Is this an issue? Not necessarily. I would argue most films are products of their environments. I may not personally understand the underlying anxiety attributed to something like this like Japanese-born people wouldn’t personally understand a film about 9/11. That doesn’t make the film lesser by default, though it can dull the emotional impact it can have. Without that sort of “lens” to view something with, it can be more or less obtuse in the way it alludes to those subjects.
When it comes to this film, its detriment was its dedication to concocting this story. Again, I can appreciate it for what it attempts to do after the fact; during, I was half-confused and half-resigned to not receiving any straight answers. Kind of like yesterday’s film, all attributes felt more in service of its story, plot, themes, etc. Characters aren’t as strong because of this, which ends up being more of a detriment here than with others.

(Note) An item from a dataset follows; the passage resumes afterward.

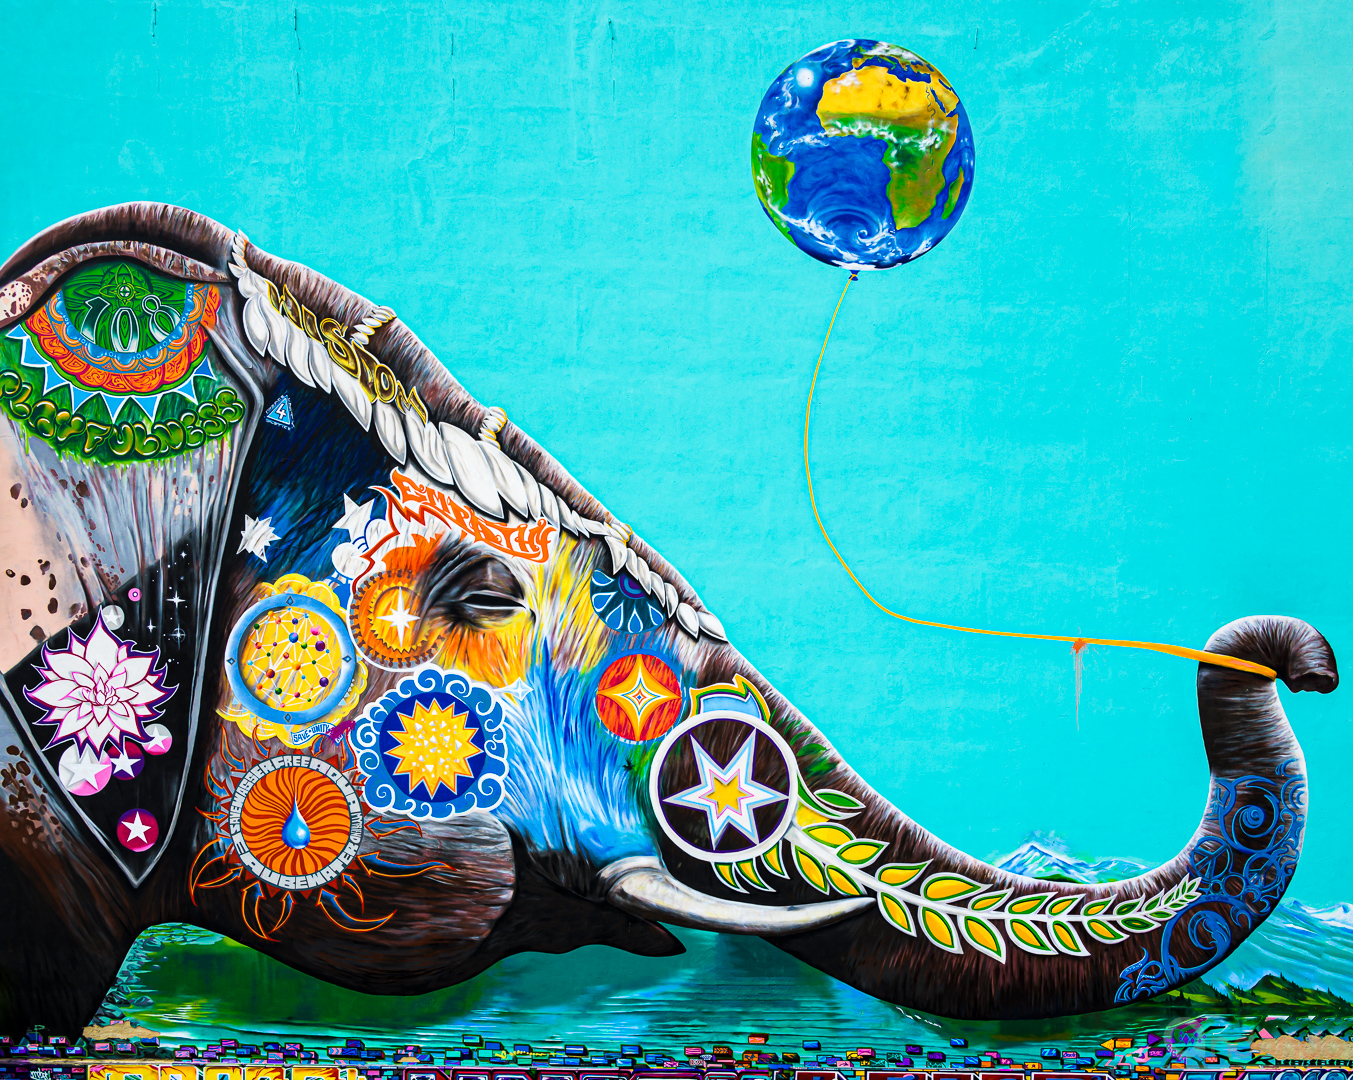 Berlin Street Art: Elefant mit Erdkugel (Jadore Tong)

Already squinting at the events taking place in front of me, the greater scope of its ambition ended up carving the characters in rather artificial ways. In this story, there aren’t many important characters individually. I could register that just from watching; Kaneda is sort of the character that the audience can connect with or link to to grasp the story from within. Otherwise, he’s not really anything. A pebble in a cave. Most others fit specific molds, as well, giving the entire film something of a layer of density that includes instructions, reading: “Dissect me.”
Consider this a warning for those coming in: Akira is a lot of things. Animated madness, visual puzzlebox, gory bloodbath, paranoid power struggles. It’s entirely possible that with a re-watch, I could enjoy it more, viewed with a more focused objective of identifying its regional themes. As it stands now, though, all that it attempted to convey didn’t resonate with me much.
Was it entertaining, nonetheless? Absolutely! The last fifteen minutes were fucking terrifying and super rad. Just don’t go into this expecting a lot of satisfying character development or transparent (without context) communication of its subtext.
Final Score: 6/10
The rating for all other films can be found at Letterboxd.
For more, check out the March of the Movies Archive!
Thank you for your time. Have a great timezone.
2 thoughts on “Day Fourteen: Akira (1988) (March of the Movies 2022)”
I remember watching this back in high school. I’d heard it was a classic that helped pave the way for anime in America. I watched it… and was both thoroughly traumatized by the weird, graphic shit that goes down, and thoroughly confused about what meaning and importance it was supposed to have besides freaking me out.
Indeed, most of the various reviews I read after the fact either sat on the side of “This is a symbolic masterpiece!” or “I didn’t really get it.” It’s an intriguing discussion piece, at least!